Water Pistol Vigilantes
Around the age of 20-23 me and some mates went through a phase of soaking the innocent and not so innocent with SuperSoaker water pistols for fun.

Having recently come of age, we were in a position to buy the most expensive and sophisticated water pistols on the market - the kind I'm sure no child has the means to buy. We also had cars - this is crucial as our methods were cowardly to say the least.

We would 'patrol' our local neighbourhod and search for someone we didn't like the look of and make them our target. Our rules were a bit Leon-esque: no pregnant women, no old people who might catch cold, no tramps (they don't always have a change of clothes and a log fire)and everyone else was fair game and the more of a prick they looked, the better. Thus well-hard types, junkies, chavs, pretty boys, etc got the most attention, which, after all, is all they were after anyway.

Our MO was to pull up alongside them, on a quite-ish road and ask innocently:
ER: "Excuse me mate, do you know where the dry cleaners' is?"
MR X: "Yes, if you turn...[cut off mid-sentence]"
ER: "Yeah I know that mate, I was just checking you did, because it's you that needs it!"
[Aqua drive-by then ensues as 3 barrels poke out of the windows and hose down the victim.

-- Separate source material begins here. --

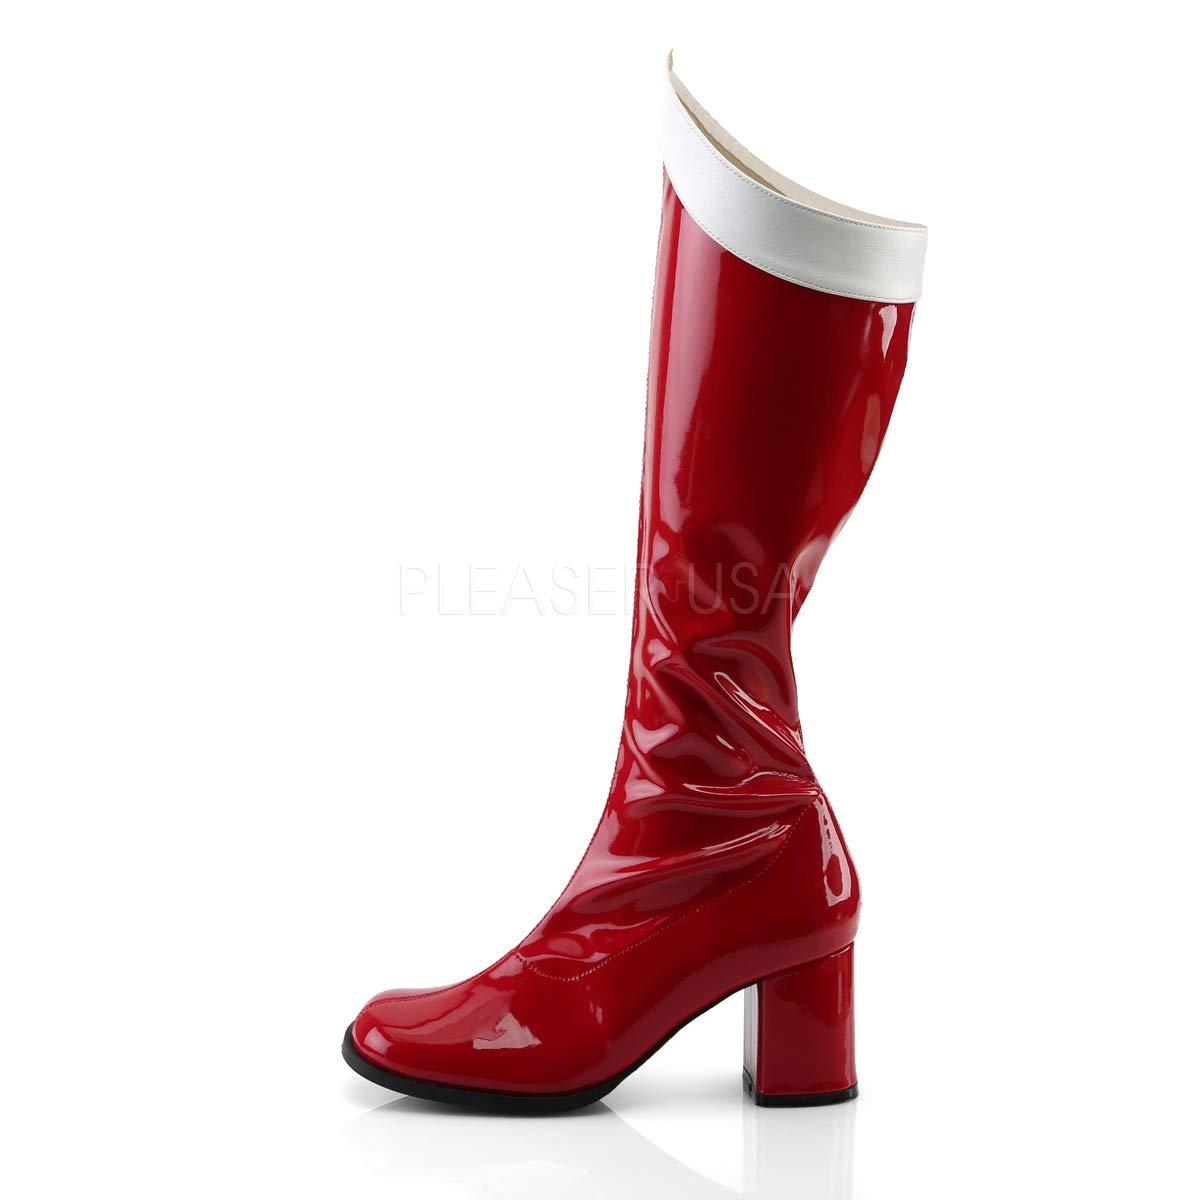 Funtasma Womens Gogo-306 Knee High Boot

On an average day, it was the most fun I think anyone could ever have and I've never laughed so hard as I have watching someone try and shout abuse while trying not to choke as water is sprayed directly into their mouth. On particular days, however, it got better. A good bet was to target people on the way home from the pub on a Friday/Saturday night and this led to our best experiences. The first one we targeted because he was with his girlfriend and thus liable to want to play the big man in front of her and he also had long hair! We pulled up, I shouted, "Hey Hippy Dude!" he looked over and we drenched his beautiful mane. We thought he might be quite cool and philosophical about it and I should say that anyone who laughed at it/themselves we always left alone, reckoning on them being a good bloke after all. But Hippy Dude went mental. Back round and round we went and each time he got more and more violent and vitriolic, punching lamposts, screaming abuse and howling like a wounded animal about what he wanted to do to us and our families. On round 4, his girlfriend, who had big tits and so got left alone, appeared a little put out about how personally he had taken our little prank and we pulled over up ahead to turn round and watch them argue before she stalked off leaving him alone. Time to deliver the killer blow and back round we went. This time, I shouted, "Hippy Dude!" as I had the previous 4 times but instead of racing toward the car with a branch or a bin (as he had done previously) he didn't even look up.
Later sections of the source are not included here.